I am not experienced in mathematical modelling so cannot comment on this. However, the authors have now made the assumptions in their analysis clear, and discussed the caveats of this in greater depth.
No comment
I found the paper very interesting and stimulating from the point of view of evolution. The hypothesis that sympatric speciation may be driven by reproductive isolation caused by chromosomal rearrangements and differential selection in two partially overlapping niches is attractive but it has been criticized on the ground that heterozygotes arising from two different karyotypes are not viable. The main novely of this work consists in the assumption that the heterozygotes may indeed be viable. The authors nicely show through mathematical modeling that this hypothesis together with the differential selection results in two distinct species adapted to the two different niches. However the two reviewers, who are expert in the spindle point, are not convinced that the viability of the heterozygotes can be predicted from what is currently known about the SAC dynamics, therefore I think that it is better to present this as a plausible assumption and to follow the detailed suggestions of the reviewers when describing the properties of the SAC.
This manuscript explores the idea that chromosomal rearrangements during mitosis may be a primary driver of speciation.

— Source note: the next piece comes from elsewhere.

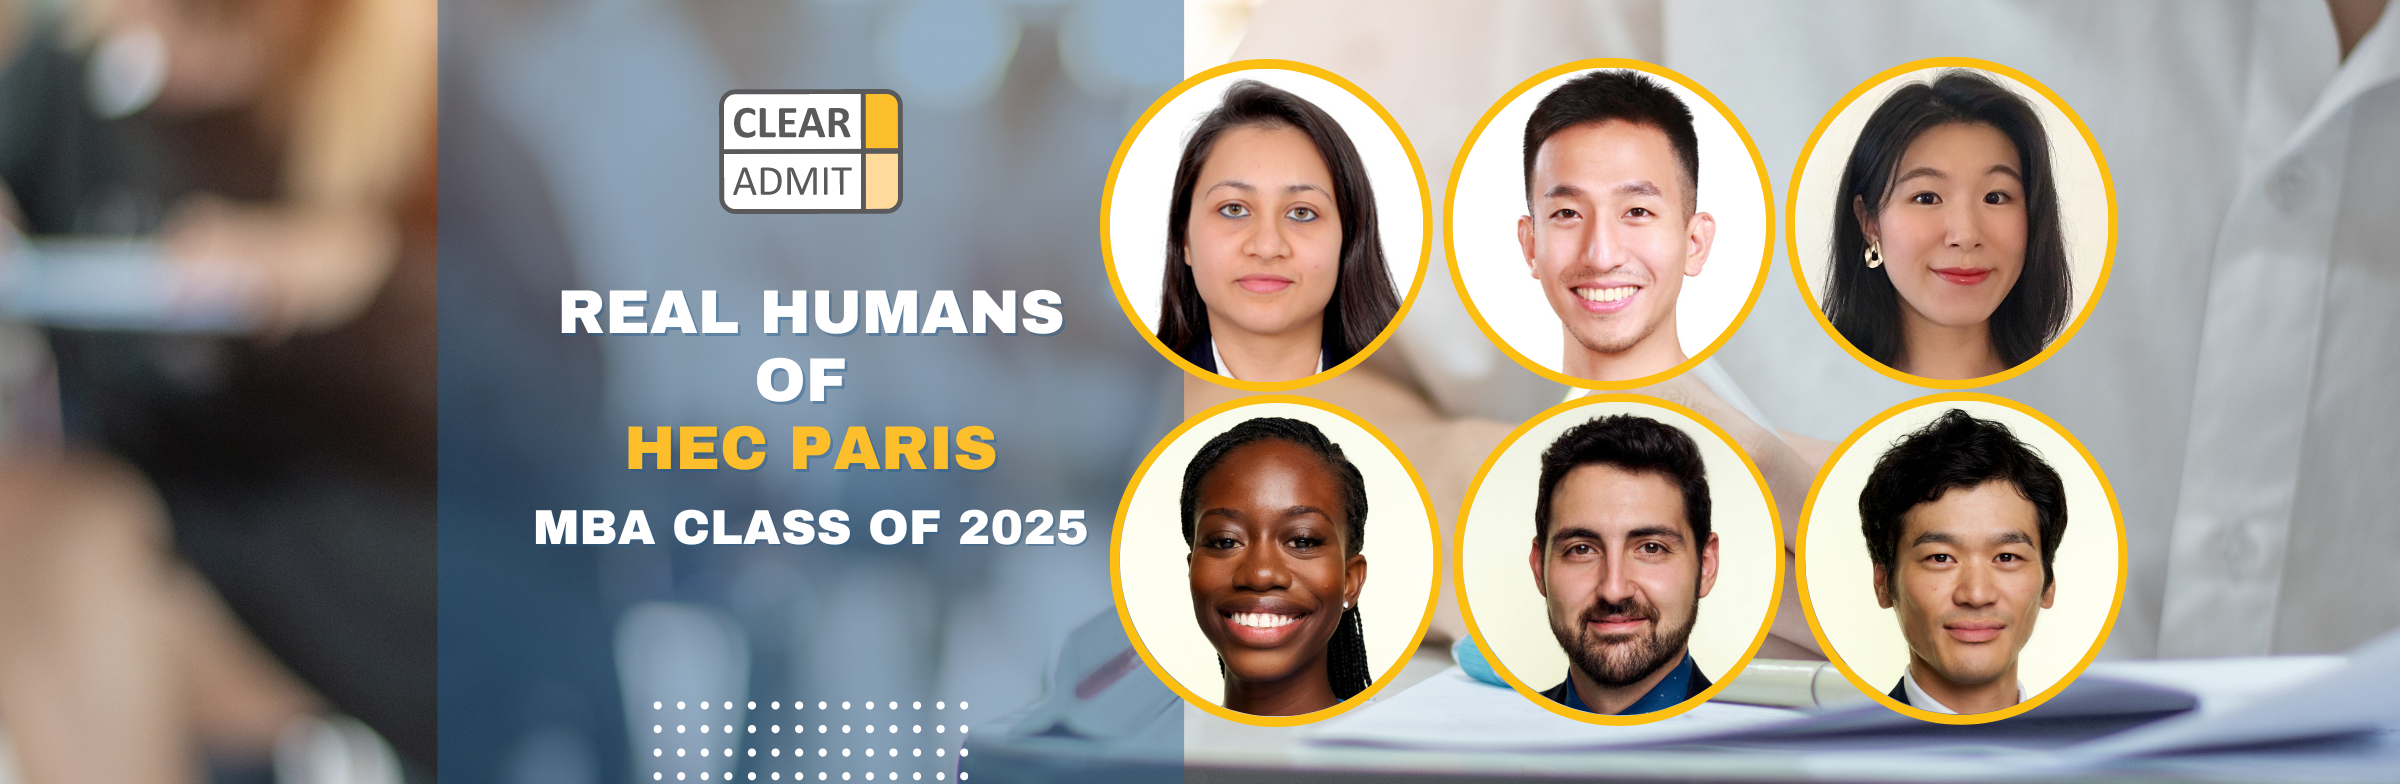 Image for Real Humans of the HEC Paris MBA Class of 2025

This is not a new hypothesis and previous criticisms were mostly based on the reproductive incompatibility with the ancestral karyotype. The authors in this study however claim that considering partial fertility of heterozygous may allow the separation of a new species as they show using mathematical modeling. They also introduce the concept of dynamics of the SAC (whose molecular regulation has been deeply studied in the last decade) as a factor contributing to speciation. Overall, this is an interesting topic that is well introduced and discussed in the manuscript.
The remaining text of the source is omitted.